◆ WHAT TO PRODUCE
Only one stretch of the data is wanted: the line containing "How to Beat", the line containing "Professional Skateboarder Explains", and every line between them, copied exactly.

◆ RECORDS PROVIDED
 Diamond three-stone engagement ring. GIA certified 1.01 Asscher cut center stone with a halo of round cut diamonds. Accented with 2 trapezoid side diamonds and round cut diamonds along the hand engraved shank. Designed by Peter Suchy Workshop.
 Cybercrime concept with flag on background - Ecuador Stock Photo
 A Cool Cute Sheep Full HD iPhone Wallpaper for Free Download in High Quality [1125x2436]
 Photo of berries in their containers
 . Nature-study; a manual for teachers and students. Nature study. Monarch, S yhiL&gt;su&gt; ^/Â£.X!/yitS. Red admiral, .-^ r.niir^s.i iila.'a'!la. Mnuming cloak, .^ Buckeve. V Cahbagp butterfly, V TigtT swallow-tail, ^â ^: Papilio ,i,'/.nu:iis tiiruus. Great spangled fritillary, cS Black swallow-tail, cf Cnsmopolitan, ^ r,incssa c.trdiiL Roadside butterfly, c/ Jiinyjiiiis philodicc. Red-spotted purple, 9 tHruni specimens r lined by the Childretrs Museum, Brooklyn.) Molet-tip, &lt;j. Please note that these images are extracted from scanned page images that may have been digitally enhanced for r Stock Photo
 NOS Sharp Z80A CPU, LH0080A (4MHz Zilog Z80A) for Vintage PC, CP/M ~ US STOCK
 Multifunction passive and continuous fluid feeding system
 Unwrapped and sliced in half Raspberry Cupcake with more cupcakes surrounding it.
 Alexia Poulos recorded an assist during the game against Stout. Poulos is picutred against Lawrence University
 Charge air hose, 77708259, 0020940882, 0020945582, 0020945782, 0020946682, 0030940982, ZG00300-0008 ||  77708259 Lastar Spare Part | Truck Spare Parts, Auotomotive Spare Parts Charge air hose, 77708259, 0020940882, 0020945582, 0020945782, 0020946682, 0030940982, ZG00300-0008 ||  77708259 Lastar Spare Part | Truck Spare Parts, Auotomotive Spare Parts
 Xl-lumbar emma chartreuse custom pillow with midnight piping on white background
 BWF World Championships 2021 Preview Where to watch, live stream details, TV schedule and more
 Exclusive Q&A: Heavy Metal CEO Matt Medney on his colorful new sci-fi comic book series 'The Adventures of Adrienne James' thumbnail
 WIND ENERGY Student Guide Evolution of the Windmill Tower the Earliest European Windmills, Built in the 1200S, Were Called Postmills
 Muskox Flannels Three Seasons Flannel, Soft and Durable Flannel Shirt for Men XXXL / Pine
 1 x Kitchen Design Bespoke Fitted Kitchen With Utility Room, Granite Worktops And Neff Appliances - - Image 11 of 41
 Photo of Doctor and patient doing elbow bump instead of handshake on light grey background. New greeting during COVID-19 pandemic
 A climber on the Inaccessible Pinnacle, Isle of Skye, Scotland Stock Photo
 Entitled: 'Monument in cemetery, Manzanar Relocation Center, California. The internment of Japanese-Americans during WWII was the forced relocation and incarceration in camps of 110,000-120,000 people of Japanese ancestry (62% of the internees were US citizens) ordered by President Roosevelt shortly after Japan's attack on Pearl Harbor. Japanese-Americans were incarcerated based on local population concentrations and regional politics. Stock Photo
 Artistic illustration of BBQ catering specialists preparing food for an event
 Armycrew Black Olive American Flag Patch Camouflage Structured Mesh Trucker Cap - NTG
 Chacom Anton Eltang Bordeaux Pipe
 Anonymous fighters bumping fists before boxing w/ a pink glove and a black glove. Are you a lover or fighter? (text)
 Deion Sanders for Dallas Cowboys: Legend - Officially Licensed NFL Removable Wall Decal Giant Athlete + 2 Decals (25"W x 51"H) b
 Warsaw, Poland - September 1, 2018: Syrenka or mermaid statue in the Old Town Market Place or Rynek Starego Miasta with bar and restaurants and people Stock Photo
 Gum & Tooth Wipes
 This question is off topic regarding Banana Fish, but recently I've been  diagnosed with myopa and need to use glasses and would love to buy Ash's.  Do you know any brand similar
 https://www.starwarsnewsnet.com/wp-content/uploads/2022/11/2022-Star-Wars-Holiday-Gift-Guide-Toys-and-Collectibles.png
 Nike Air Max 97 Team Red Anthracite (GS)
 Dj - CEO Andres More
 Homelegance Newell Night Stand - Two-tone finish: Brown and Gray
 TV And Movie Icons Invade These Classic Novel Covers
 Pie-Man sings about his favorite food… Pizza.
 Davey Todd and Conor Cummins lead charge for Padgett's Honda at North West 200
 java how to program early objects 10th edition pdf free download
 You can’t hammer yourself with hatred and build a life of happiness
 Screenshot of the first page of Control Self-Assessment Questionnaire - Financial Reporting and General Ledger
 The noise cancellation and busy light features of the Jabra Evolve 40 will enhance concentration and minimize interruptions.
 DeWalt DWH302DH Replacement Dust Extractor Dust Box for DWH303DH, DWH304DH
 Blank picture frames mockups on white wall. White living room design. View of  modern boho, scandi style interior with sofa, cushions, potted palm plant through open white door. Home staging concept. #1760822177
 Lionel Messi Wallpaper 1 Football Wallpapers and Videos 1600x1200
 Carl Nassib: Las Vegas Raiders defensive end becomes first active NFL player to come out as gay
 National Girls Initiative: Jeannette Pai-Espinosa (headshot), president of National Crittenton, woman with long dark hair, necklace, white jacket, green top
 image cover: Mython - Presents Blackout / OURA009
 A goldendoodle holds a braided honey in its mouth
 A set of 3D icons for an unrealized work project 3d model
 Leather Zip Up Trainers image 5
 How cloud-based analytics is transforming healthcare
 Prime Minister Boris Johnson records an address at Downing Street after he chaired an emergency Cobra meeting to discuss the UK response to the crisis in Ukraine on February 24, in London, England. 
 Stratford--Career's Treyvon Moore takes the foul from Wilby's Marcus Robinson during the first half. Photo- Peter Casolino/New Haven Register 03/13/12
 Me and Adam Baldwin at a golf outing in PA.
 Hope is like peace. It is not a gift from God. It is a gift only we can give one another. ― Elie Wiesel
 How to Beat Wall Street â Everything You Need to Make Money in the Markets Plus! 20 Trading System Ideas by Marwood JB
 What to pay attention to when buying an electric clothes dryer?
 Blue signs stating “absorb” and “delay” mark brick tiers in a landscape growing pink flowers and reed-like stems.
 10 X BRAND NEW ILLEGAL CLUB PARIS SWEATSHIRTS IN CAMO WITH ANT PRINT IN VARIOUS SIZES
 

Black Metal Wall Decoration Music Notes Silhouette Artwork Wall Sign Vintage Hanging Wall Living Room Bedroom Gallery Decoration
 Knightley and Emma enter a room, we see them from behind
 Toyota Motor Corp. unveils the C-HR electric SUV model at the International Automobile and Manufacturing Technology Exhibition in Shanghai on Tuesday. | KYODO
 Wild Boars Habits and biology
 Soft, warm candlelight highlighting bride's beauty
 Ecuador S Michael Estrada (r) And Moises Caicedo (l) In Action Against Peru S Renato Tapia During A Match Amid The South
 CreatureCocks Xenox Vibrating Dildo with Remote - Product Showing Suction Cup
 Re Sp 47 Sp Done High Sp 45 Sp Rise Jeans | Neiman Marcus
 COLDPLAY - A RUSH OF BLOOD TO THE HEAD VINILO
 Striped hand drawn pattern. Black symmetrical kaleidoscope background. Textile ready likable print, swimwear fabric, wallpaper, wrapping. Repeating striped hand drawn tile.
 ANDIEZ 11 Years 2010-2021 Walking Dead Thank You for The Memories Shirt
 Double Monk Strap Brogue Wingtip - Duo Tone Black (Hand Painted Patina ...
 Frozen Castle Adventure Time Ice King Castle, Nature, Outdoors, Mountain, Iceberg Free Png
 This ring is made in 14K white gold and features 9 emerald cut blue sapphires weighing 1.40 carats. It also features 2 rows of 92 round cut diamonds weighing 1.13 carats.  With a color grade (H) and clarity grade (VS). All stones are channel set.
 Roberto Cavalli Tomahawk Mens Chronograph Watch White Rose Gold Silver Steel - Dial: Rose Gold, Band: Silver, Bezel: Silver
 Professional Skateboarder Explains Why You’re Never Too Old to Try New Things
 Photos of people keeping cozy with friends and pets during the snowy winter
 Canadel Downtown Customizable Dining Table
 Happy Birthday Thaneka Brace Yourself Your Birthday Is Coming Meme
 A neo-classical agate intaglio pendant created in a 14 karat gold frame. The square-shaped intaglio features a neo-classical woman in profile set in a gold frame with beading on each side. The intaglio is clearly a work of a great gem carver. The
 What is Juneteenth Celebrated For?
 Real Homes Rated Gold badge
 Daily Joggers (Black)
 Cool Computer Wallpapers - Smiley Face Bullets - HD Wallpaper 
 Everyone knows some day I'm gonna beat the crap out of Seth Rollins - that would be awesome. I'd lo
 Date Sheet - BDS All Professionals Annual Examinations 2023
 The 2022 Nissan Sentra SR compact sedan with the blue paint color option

◆ THE COMPLETED TASK
 How to Beat Wall Street â Everything You Need to Make Money in the Markets Plus! 20 Trading System Ideas by Marwood JB
 What to pay attention to when buying an electric clothes dryer?
 Blue signs stating “absorb” and “delay” mark brick tiers in a landscape growing pink flowers and reed-like stems.
 10 X BRAND NEW ILLEGAL CLUB PARIS SWEATSHIRTS IN CAMO WITH ANT PRINT IN VARIOUS SIZES
 

Black Metal Wall Decoration Music Notes Silhouette Artwork Wall Sign Vintage Hanging Wall Living Room Bedroom Gallery Decoration
 Knightley and Emma enter a room, we see them from behind
 Toyota Motor Corp. unveils the C-HR electric SUV model at the International Automobile and Manufacturing Technology Exhibition in Shanghai on Tuesday. | KYODO
 Wild Boars Habits and biology
 Soft, warm candlelight highlighting bride's beauty
 Ecuador S Michael Estrada (r) And Moises Caicedo (l) In Action Against Peru S Renato Tapia During A Match Amid The South
 CreatureCocks Xenox Vibrating Dildo with Remote - Product Showing Suction Cup
 Re Sp 47 Sp Done High Sp 45 Sp Rise Jeans | Neiman Marcus
 COLDPLAY - A RUSH OF BLOOD TO THE HEAD VINILO
 Striped hand drawn pattern. Black symmetrical kaleidoscope background. Textile ready likable print, swimwear fabric, wallpaper, wrapping. Repeating striped hand drawn tile.
 ANDIEZ 11 Years 2010-2021 Walking Dead Thank You for The Memories Shirt
 Double Monk Strap Brogue Wingtip - Duo Tone Black (Hand Painted Patina ...
 Frozen Castle Adventure Time Ice King Castle, Nature, Outdoors, Mountain, Iceberg Free Png
 This ring is made in 14K white gold and features 9 emerald cut blue sapphires weighing 1.40 carats. It also features 2 rows of 92 round cut diamonds weighing 1.13 carats.  With a color grade (H) and clarity grade (VS). All stones are channel set.
 Roberto Cavalli Tomahawk Mens Chronograph Watch White Rose Gold Silver Steel - Dial: Rose Gold, Band: Silver, Bezel: Silver
 Professional Skateboarder Explains Why You’re Never Too Old to Try New Things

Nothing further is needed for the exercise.